Наша Маша (Книга для родителей)
Шрифт:
Нашли в саду два гриба: моховик и белый!
День летний, солнечный. Обидно уезжать. А в 13. 10 должны— все трое— автобусом выехать в Ленинград.
9.7.60.
Вечером вчера вместо прогулки в лес ходили в соседнюю деревню, к медицинской сестре, которая уже несколько дней делает папе уколы.
В деревне много детей и очень почему-то много маленьких, двух-трехлетних, очень разбитных, очень живых и самостоятельных. Девочки пяти и шести лет везли нарядную немецкую кукольную коляску, в которой спала большая и нарядная
— Тебя как зовут? А сколько тебе лет? А тебя как зовут? А сколько тебе лет?
Девочки дали ей покатать коляску, и Машка ее катала, пока папа не сказал “довольно”.
* * *
Перед сном ходили ненадолго за калитку и в соснячке у дороги нашли два моховичка и одну горькушу.
Машке очень понравилось, как я потом рассказывал об этом событии, и она заставила меня много раз повторять этот рассказ:
— Идем мы с Машей, она говорит: “Папа, смотри— грибы!” Я говорю: “Нет, это поганки”.— “Да нет, ты посмотри!”— “Нет же, Маша, я же тебе говорю: это поганки!”— “Да ты посмотри!”— “Оставь, пожалуйста! Я ж говорю тебе— это поганки”.— “Ты посмотри, пожалуйста”.— “Ну хорошо, ну пожалуйста... Посмотрю. Я ж говорил тебе... я ж говорил, что это пог... гм... гм... да нет, это не поганки!”
Приблизительно так и было. Машка действительно лучше меня разглядела, что моховики.
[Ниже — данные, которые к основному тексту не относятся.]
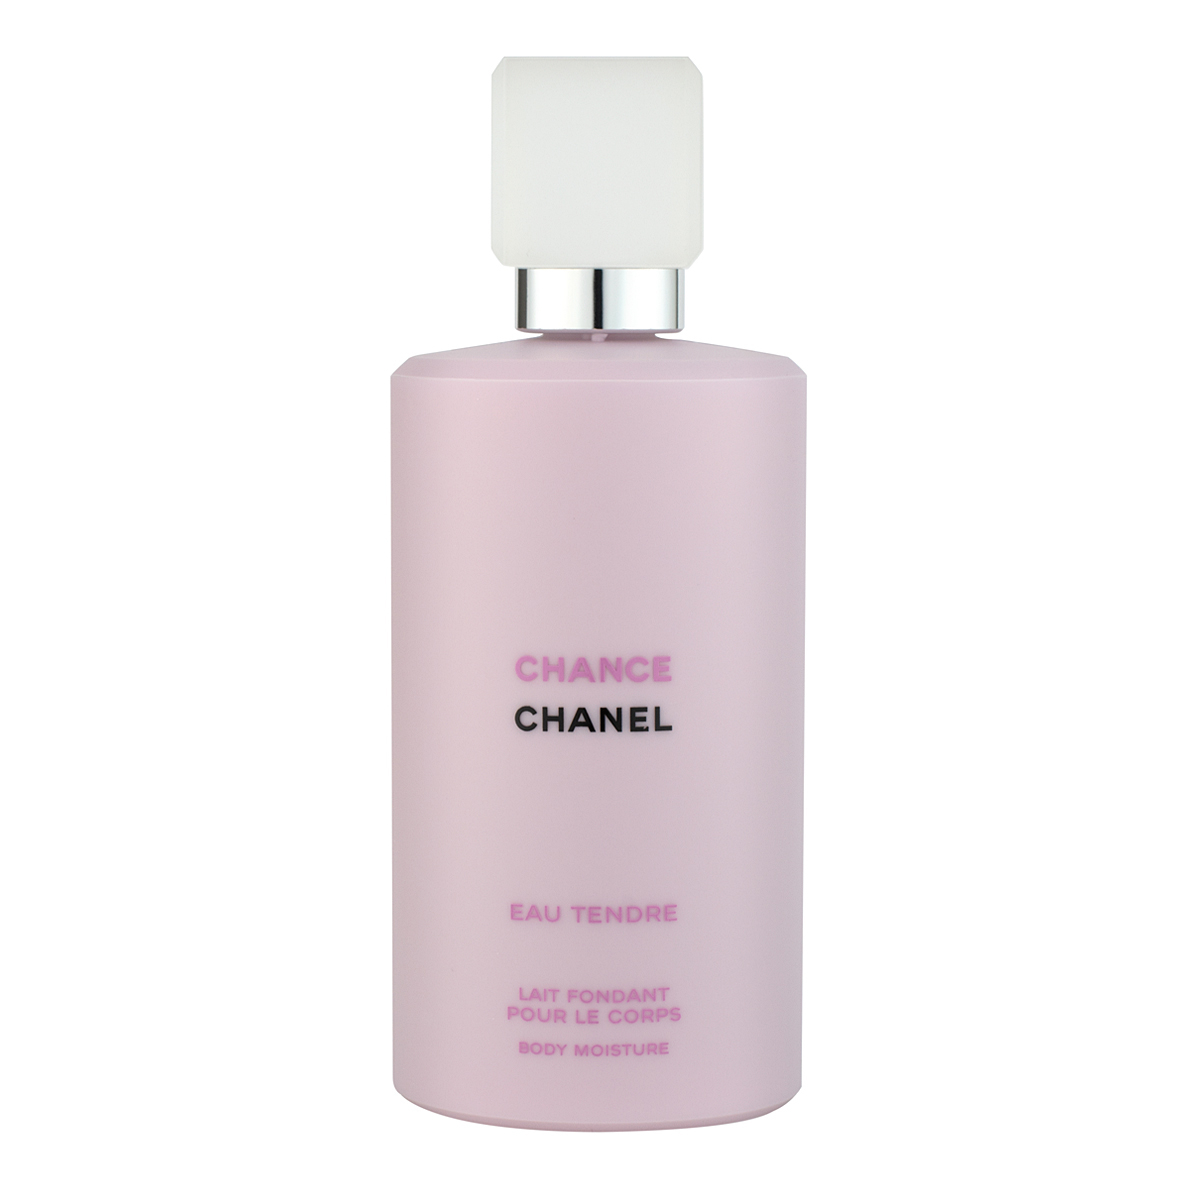 Chanel Chance Body Lotion Debenhams Flash Sales, 60% OFF

Заливалась, покатывалась, когда я “в лицах” изображал эту сценку.
* * *
На днях— чрезвычайное происшествие. Машка сорвала с хозяйской грядки маленький огурец. После она объяснила мне, что нечаянно наступила на огурец, когда прогоняла с грядки кошку. Но тут, не разобравшись в чем дело, на нее все накинулись: укоряли, стыдили, ахали и охали. И она не успела слова сказать в оправдание. И как раз в эту минуту в саду появился старик с седой щетиной на щеках, с пьяными мутными глазами и в защитной солдатской пилотке на голове. Старик пришел к хозяину подряжаться— насчет колодца, кажется. Но Машка страшно перепугалась, уверенная, что старик пришел за ней.
Вечером она мне рассказывала:
— Сегодня дядя с мешком приходил, который непослушных детей забирает. Такой страшный... настоящий страшный.
А вчера, возвращаясь из леса, мы проходили мимо еврейского кладбища, где всегда отчаянно лает мохнатая рыжая собачка. Сейчас эта собака лежала на стоге сена, а рядом с ней стоял тот страшный старик. Машка узнала его, и ей стало еще страшнее. Страшный старик стоял рядом со страшной собакой.
* * *
Луна вчера вечером была золотисто-красная, большая.
Машу раздевали, готовили ко сну, когда она увидела в окошко это чудо природы.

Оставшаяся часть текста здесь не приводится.